This week we read Dubliners by James Joyce, and one short story in particular titled A Painful Case is about a man named Mr. Duffy who has condemned himself to loneliness after rejecting the one person who he considered a companion.
His character reminded me of my favorite childhood movies, Shrek, where the titular ogre Shrek lives alone in isolation in his swamp. Like Mr. Duffy, Shrek has a disdain for the general public and thinks of them as bothersome. Also similarly to Mr. Duffy, Shrek thinks that he enjoys his solidarity and spurns most attempts at connecting with any others, but deep inside he knows that he is lonely. At the start of the movie, Shrek is very isolated until his swamp is disturbed by an enormous amount of fairy tale creatures who have been dumped there by Lord Farquaad. This angers Shrek, and he goes out to find Lord Farquaad in the city of Duloc to reclaim his swamp.

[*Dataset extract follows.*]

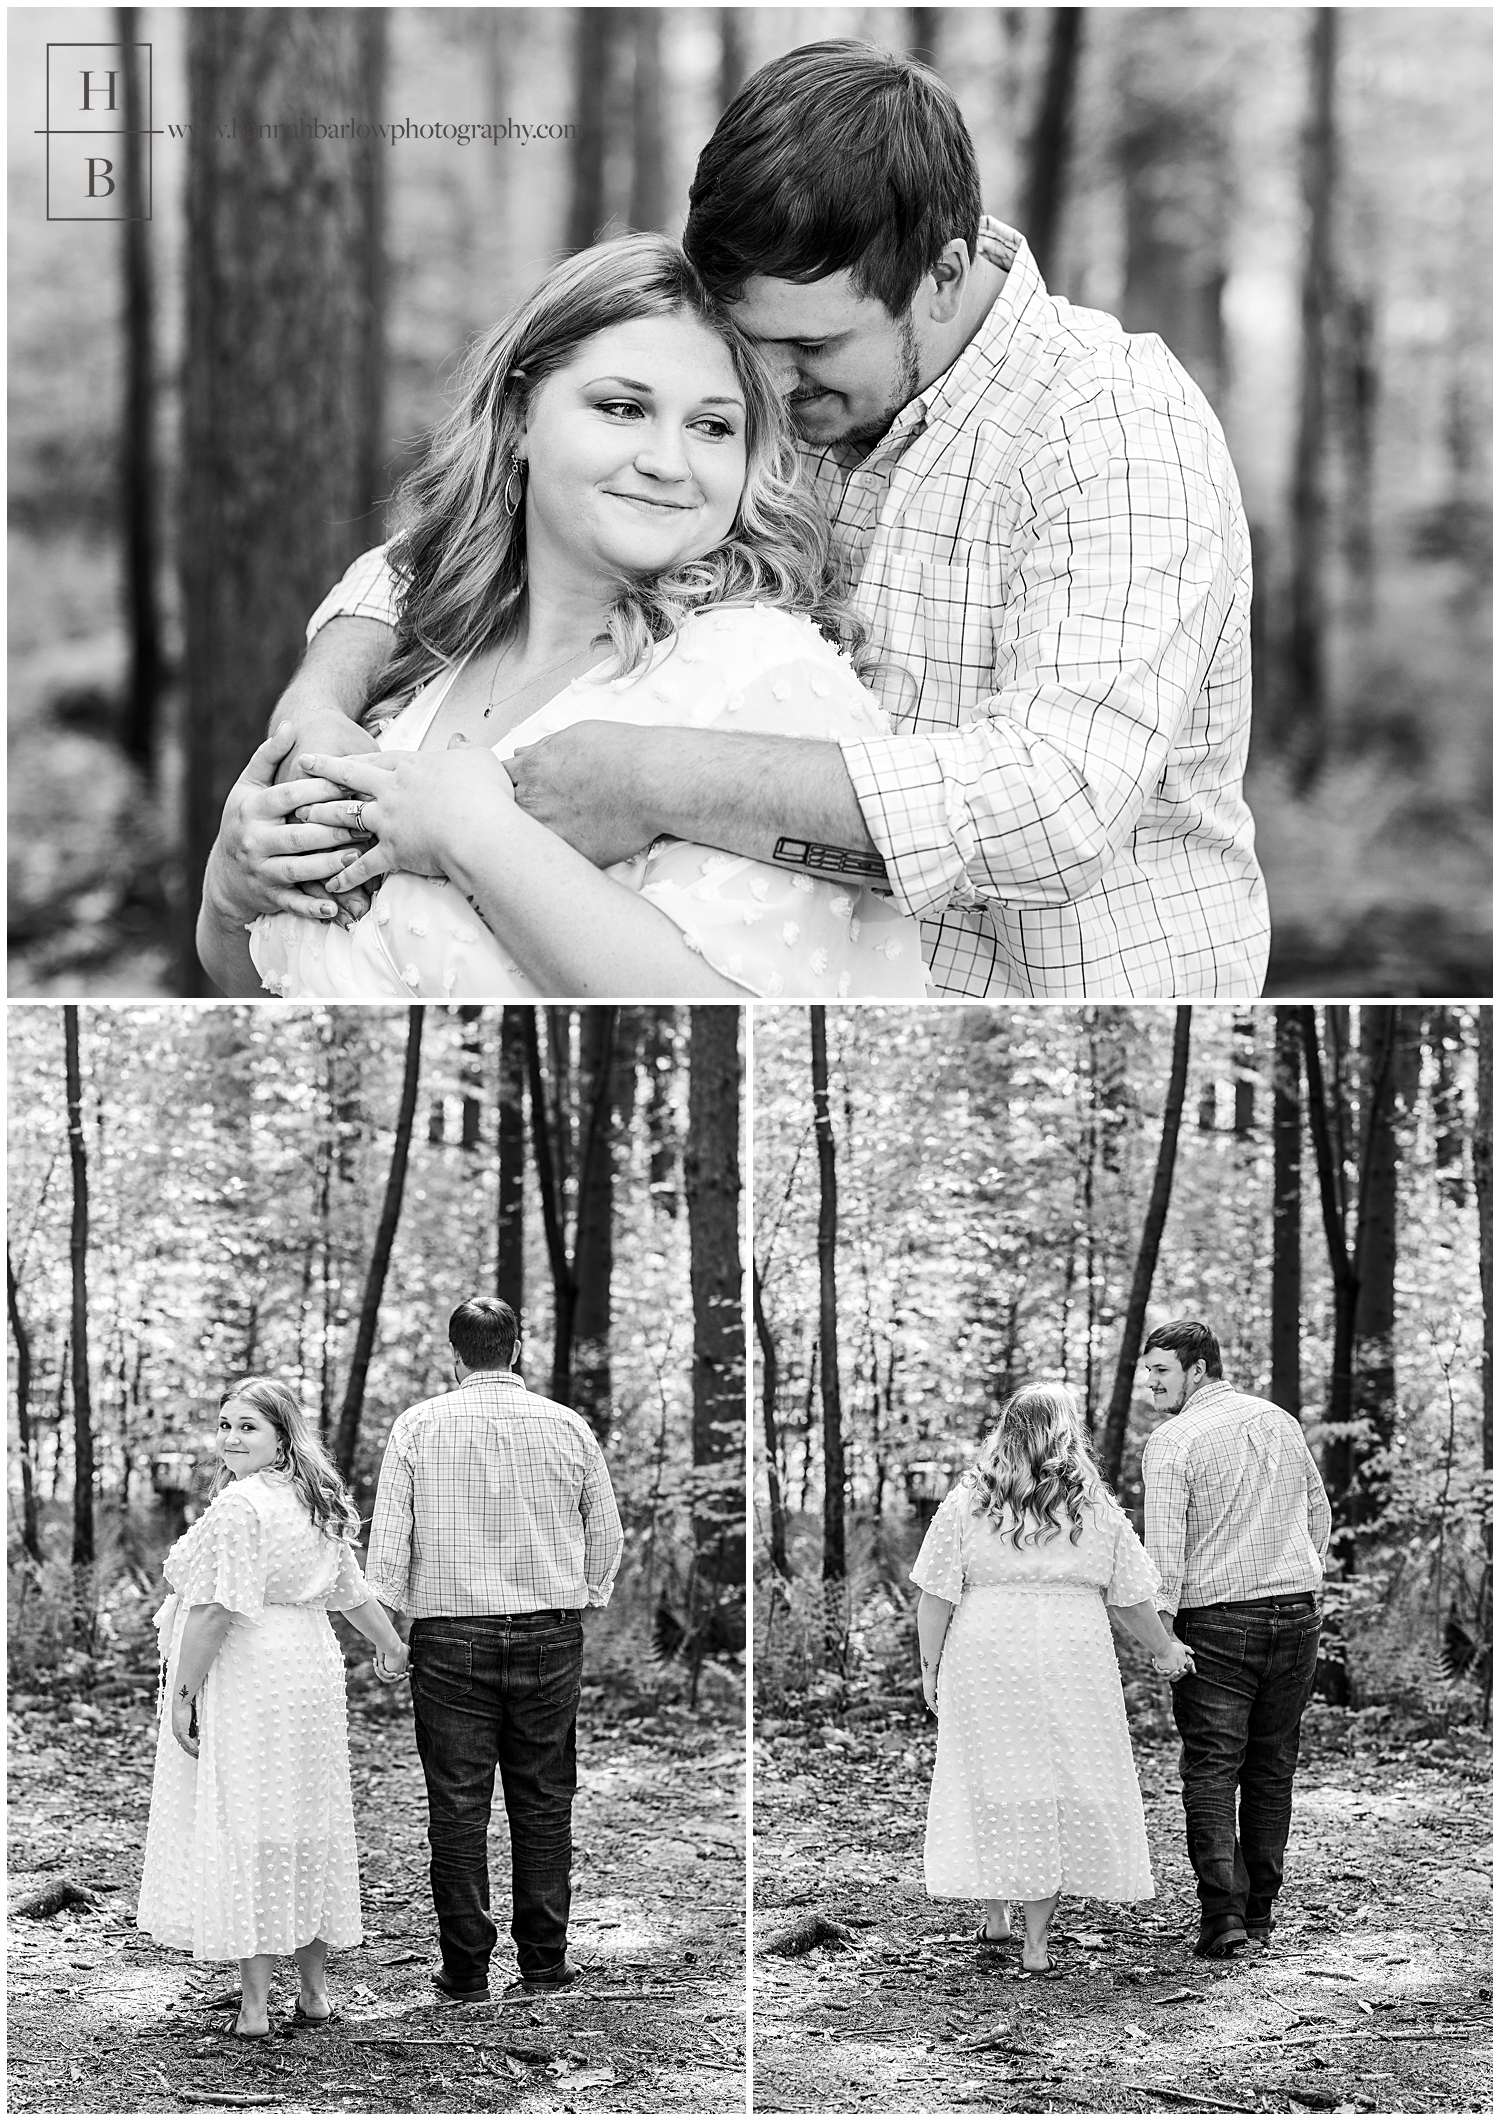 Black and white photos of couple embracing in forest for engagement photos

The short lord strikes a bargain with him that if he can retrieve the Princess Fiona from her dragon guarded tower, he will remove the fairy tale creatures from his swamp.

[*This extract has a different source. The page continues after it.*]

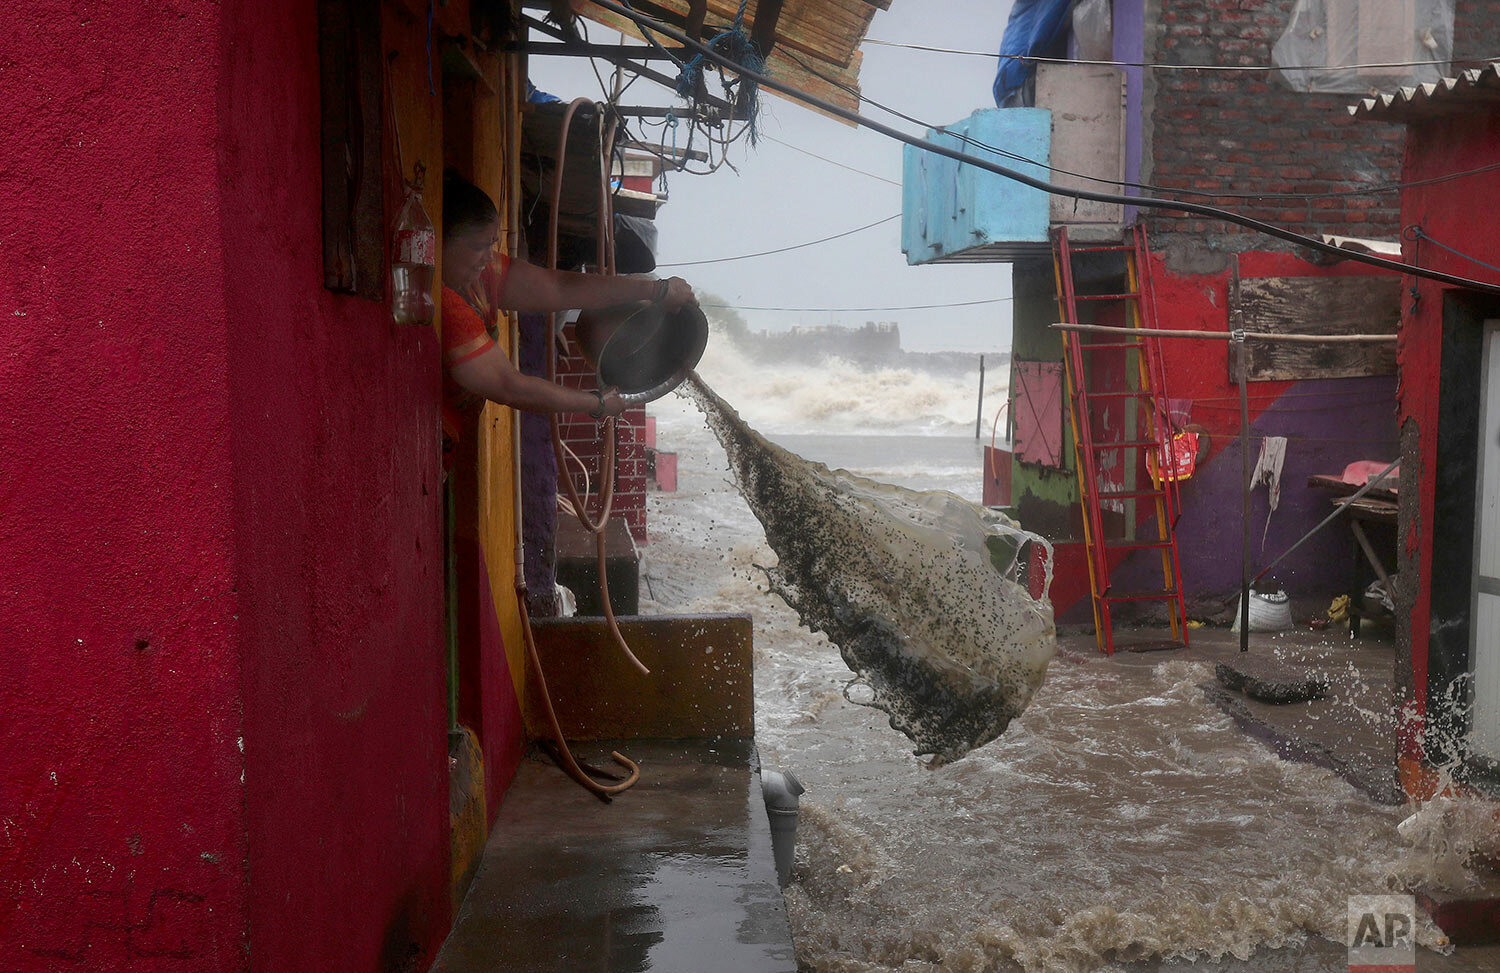  A woman tries to remove high tide water from her house at a shanty area on the Arabian Sea coast in Mumbai, India, Monday, July 6, 2020.  (AP Photo/Rafiq Maqbool)

So Shrek sets out, with an equestrian companion named Donkey that he is unable to get rid of. Shrek rejects Donkey’s attempts at friendship and is quite acidic toward him, but Donkey is He and Donkey eventually reach the tower, where they rescue Fiona and Donkey meets his future wife Dragon. Shrek and Fiona bond during their journey back to Duloc, and eventually fall in love with each other. However, Fiona is hiding a very big secret- that she is cursed to turn into an ogress at night, and that only a kiss from her true love will break the curse. This secret leads to a misunderstanding between the couple when Fiona woefully reveals to Donkey that she thinks she is ugly and unlovable, which Shrek overhears, and assumes the comment is about him. This comment cuts him deeply, as he has always been judged and prejudiced by his outer appearance. As a reaction, he shuns his romance with Fiona and dutifully brings her back to Duloc. But just as Fiona is about to wed Lord Farquaad, Donkey yells at Shrek for letting go the love of his life, and Shrek barges in to object to the wedding. Shrek and Donkey, with the help of Dragon, then defeat Lord Farquaad. Shrek kisses Fiona, and she transforms into an ogress permanently, and they get married in the swamp!
While Shrek was able to achieve a happy ending, the grittier, harsher, and more realistic story of Mr. Duffy did not. At the end of A Painful Case, Mr. Duffy is left alone with nobody, and even when he comes to the realization that he is painfully lonely he simply accepts his current situation as his fate. The future that Mr. Duffy has laid out for himself would have been Shrek if Donkey was not so persistent about forcing Shrek to interact with people. Shrek originally isolated himself because deep down, he felt that nobody would accept him and that he was inherently unlovable. This makes me curious if Mr. Duffy’s self isolation stems from the same suppressed feelings as Shrek, where he shuts himself off from others first before others can do it to him. The ending of A Painful Case made me so sad because instead of doing something about his situation, Mr. Duffy just resigns himself to silence and loneliness. This could be because he prefers the familiarity of his loneliness over the unpredictable situation of putting himself out there to change his fate. He has the ability to improve his life but is preventing himself from doing so. While the end of Shrek is a victory, the end of A Painful Case is defeat, and it is a harsh outcome that is hard to swallow.